Industria petrolifera, le turbolenze continueranno per tutto il 2023

L’ultimo scossone all’industria petrolifera è stato dato all’inizio del mese di aprile, quando alcuni paesi guidati dall’Arabia Saudita hanno annunciato dei tagli coordinati alla produzione per oltre un milione di barili al giorno.
Chi sperava in un andamento più lineare del settore nel corso del 2023 è rimasto (ed è destinato a rimanere) molto deluso. Anche perché nel frattempo continuano a riemergere periodicamente i timori di recessione, che pure mandano il mercato in altalena.

Le ultime scosse all’industria petrolifera

industria petroliferaIl taglio annunciato a sorpresa ad inizio primavera va ad aggiungersi a quello che OPEC+ ha programmato a partire da ottobre scorso.
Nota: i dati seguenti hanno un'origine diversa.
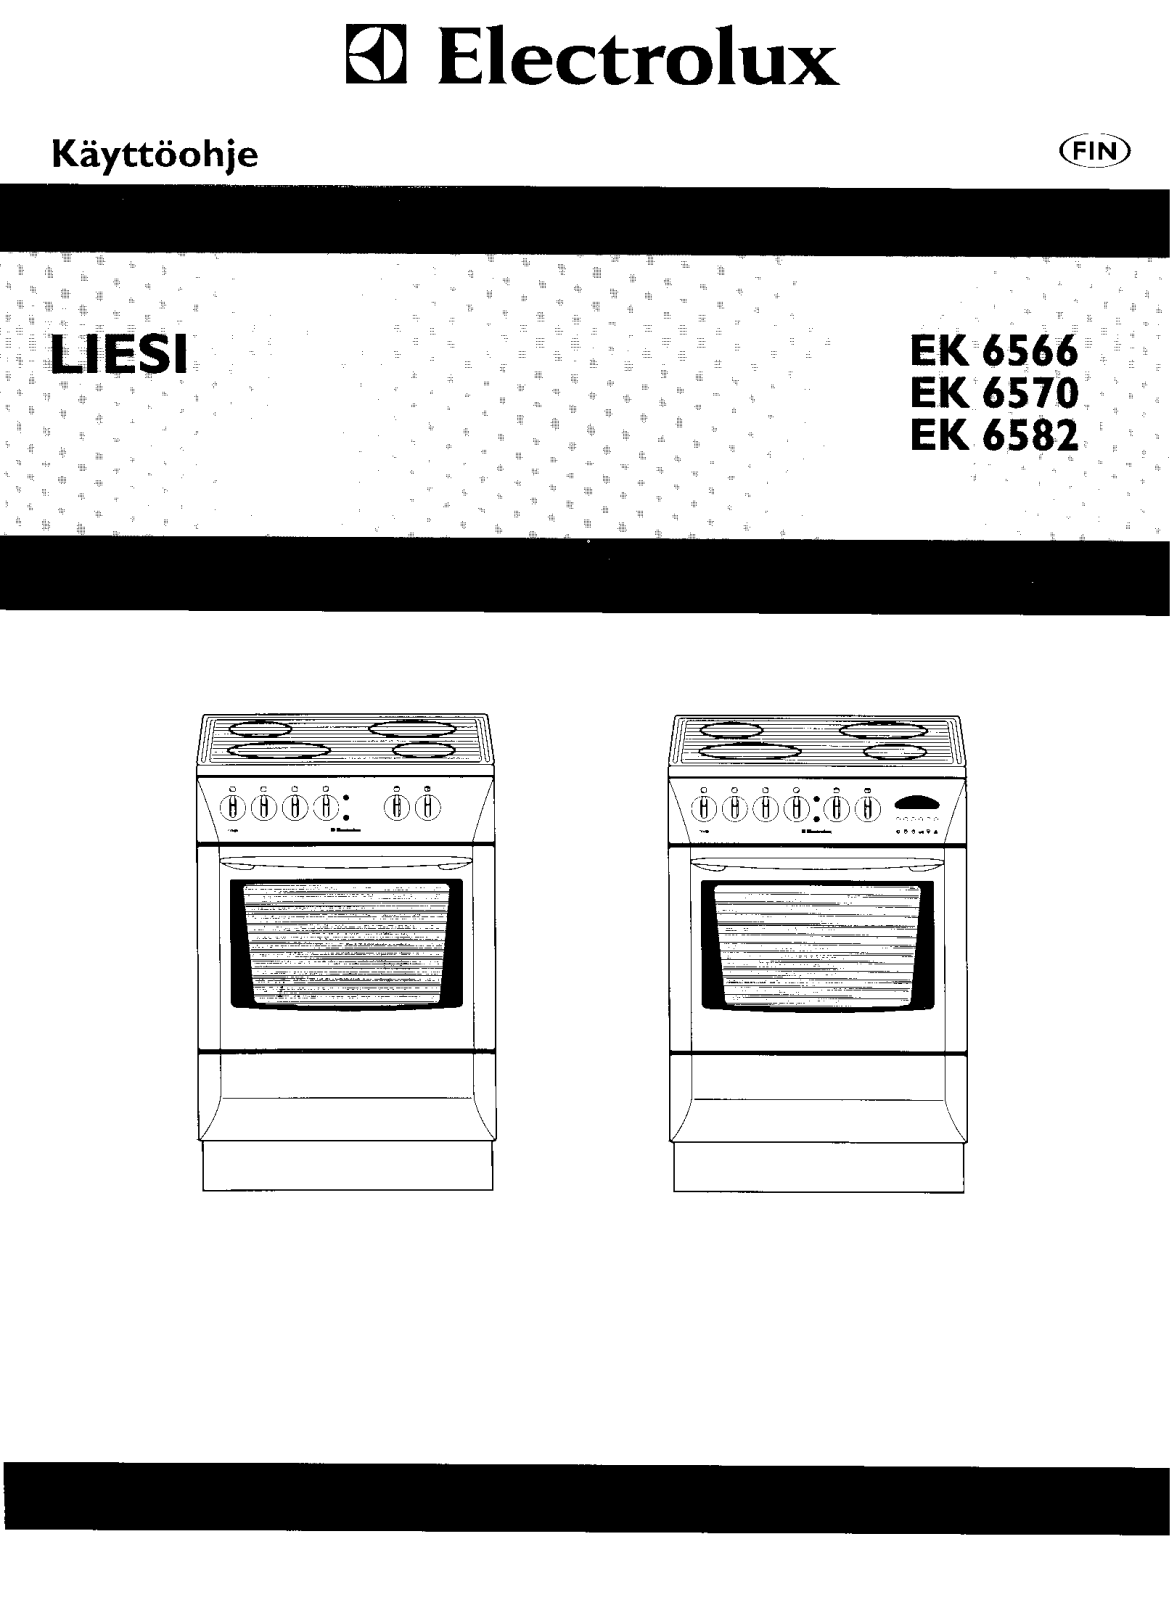 Electrolux EK6582, EK6570, EK6566 User Manual

Va poi ricordato che dal canto suo la Russia aveva già deciso di tagliare la produzione di 500 mila barili al giorno, in risposta alle sanzioni occidentali.

Il mondo si trova così a fare i conti complessivamente con un taglio produttivo del 3,7% da parte dell’industria petrolifera rispetto alla domanda globale.

Il riflesso i prezzi

È chiaro che l’interesse dei produttori di petrolio è quello di mantenere i prezzi a livello maggiore possibile (si ritiene che al di sotto degli 80 dollari potrebbero avere delle difficoltà), ma non così elevato da innescare un crollo della domanda. Quest’ultima al momento rimane robusta, nonostante le incertezze che vive l’economia globale, e i timori di una recessione.

Per questo motivo la maggior parte degli analisti ritiene che l’industria petrolifera vivrà ancora una forte volatilità dei prezzi, che dovrebbero continuare ad oscillare dentro un rettangolo pattern che va da 75 a 90 dollari per barile.

Il grosso timore

È chiaro che questa mossa ha innescato a livello globale il grosso timore di trovarsi nuovamente con un’inflazione fuori controllo. La pressione al rialzo sul prezzo del barile potrebbe innescare una crescita dei prezzi dell’energia, che è stato il principale fattore dei balzo dell’inflazione negli ultimi trimestri, dopo essere stata oltre la media mobile 200 periodi per quasi tutto il 2022.

Lo temono soprattutto le banche centrali, che hanno lavorato duramente nell’ultimo biennio per riuscire ad evitare che l’inflazione alta diventasse un fenomeno strutturale.